La société est dans l’obligation de prendre en charge les frais de l’organe de représentation afin de lui permettre de « fonctionner de manière appropriée ». Les frais à la charge de la société incluent également les dépenses correspondant à « un expert par tranche de 9 membres de l’organe de représentation », ces frais étant néanmoins limités aux frais qui sont directement en relation avec la participation de l’expert à une réunion (article 11).
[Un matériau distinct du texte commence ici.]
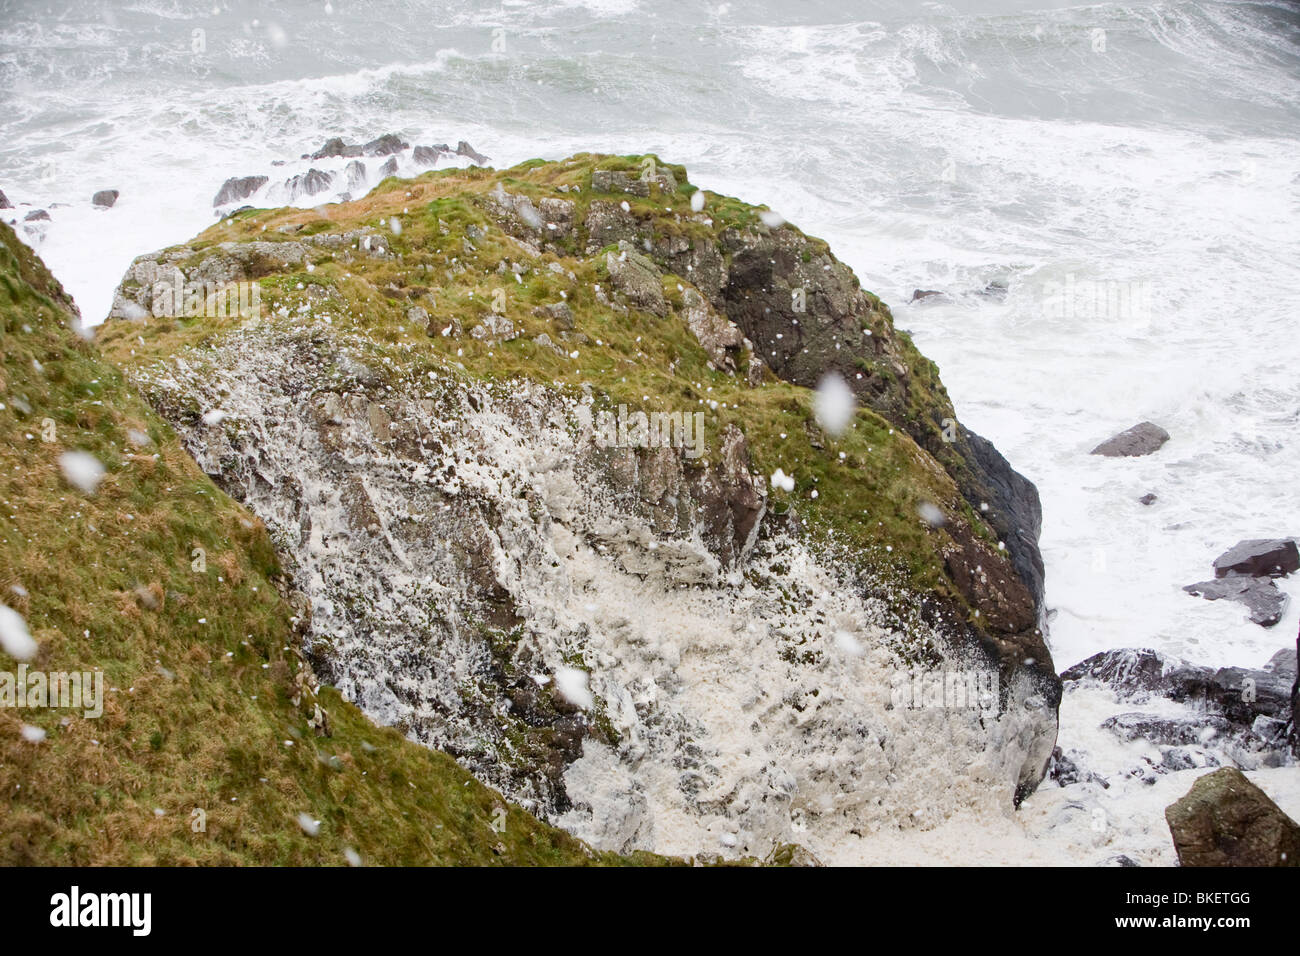 Spume blown inland from a stormy sea on The Rhins of Galloway Scotland UK. Stock Photo

Procédure nationale de répartition des sièges aux conseils

Les représentants des travailleurs luxembourgeois aux conseils sont désignés par les délégations du personnel - les représentants élus des travailleurs.

La législation fixe des règles concernant la désignation des représentants des travailleurs luxembourgeois aux conseils. Ces derniers sont élus par la (les) délégation(s) du personnel, c’est-à-dire les représentants des travailleurs qui doivent être élus dans toutes les entreprises employant au moins 15 personnes. Les représentants des travailleurs aux conseils doivent être élus par la (les) délégation(s) du personnel dans le cadre d’un vote à bulletin secret. Les travailleurs manuels et non manuels doivent être représentés proportionnellement à leur nombre dans l’effectif. Aucun mécanisme de désignation des représentants des travailleurs aux conseils n’est prévu quand il n’existe pas de délégation du personnel (article 13).
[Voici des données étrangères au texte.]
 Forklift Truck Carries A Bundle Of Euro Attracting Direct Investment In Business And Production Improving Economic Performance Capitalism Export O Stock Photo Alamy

Utilisation abusive des procédures et changements structurels

Utilisation abusive des procédures

De nouvelles négociations doivent être engagées si l’organe de représentation peut, dans l’année suivant l’immatriculation de la SE, démontrer que le but de cette dernière était de priver les travailleurs de leurs droits.

Si, dans l’année suivant l’immatriculation d’une SE, l’organe de représentation peut démontrer que le but de l’immatriculation de cette dernière était d’utiliser abusivement les procédures en vue de priver les travailleurs de leur droit d’être impliqués, de nouvelles négociations doivent être conduites. Ces nouvelles négociations peuvent être demandées par l’organe de représentation ou les représentants des travailleurs intégrés à la SE (article 18).

Changements structurels

La législation luxembourgeoise ne prévoit pas la renégociation de l’accord après des changements structurels, sauf durant l’année suivant l’immatriculation de la société européenne s’il peut être démontré que la SE a été créée dans le but de priver les travailleurs de leurs droits.

Il n’existe pas un droit automatique de renégocier l’accord en cas de changements affectant la structure de la SE, sauf au cours de l’année suivant l’immatriculation de la société s’il peut être démontré que les procédures ont été utilisées de manière abusive, en d’autres termes s’il peut être établi que la SE a été créée dans le but de priver les travailleurs de leurs droits d’être impliqués dans le processus décisionnel de la société.

Position des syndicats et des employeurs

Les syndicats et les organisations patronales ont été largement consultés sur l’introduction de la législation. Pour les syndicats, la principale préoccupation était que le projet était trop restrictif s’agissant du nombre de représentants des travailleurs et des ressources mises à leur disposition. De leur côté, les employeurs craignaient qu’il puisse être utilisé dans le but d’étendre l’implication des travailleurs au niveau des conseils des entreprises.

Les syndicats et les organisations patronales ont pris part aux discussions concernant la transposition de la directive relative à l’implication des travailleurs dans les sociétés européennes dans le droit luxembourgeois. Ces consultations ont été à la fois directes - une copie du projet de loi a été remise aux principales organisations - et indirectes - les chambres représentant les travailleurs et les employeurs ont été consultées sur le projet de loi.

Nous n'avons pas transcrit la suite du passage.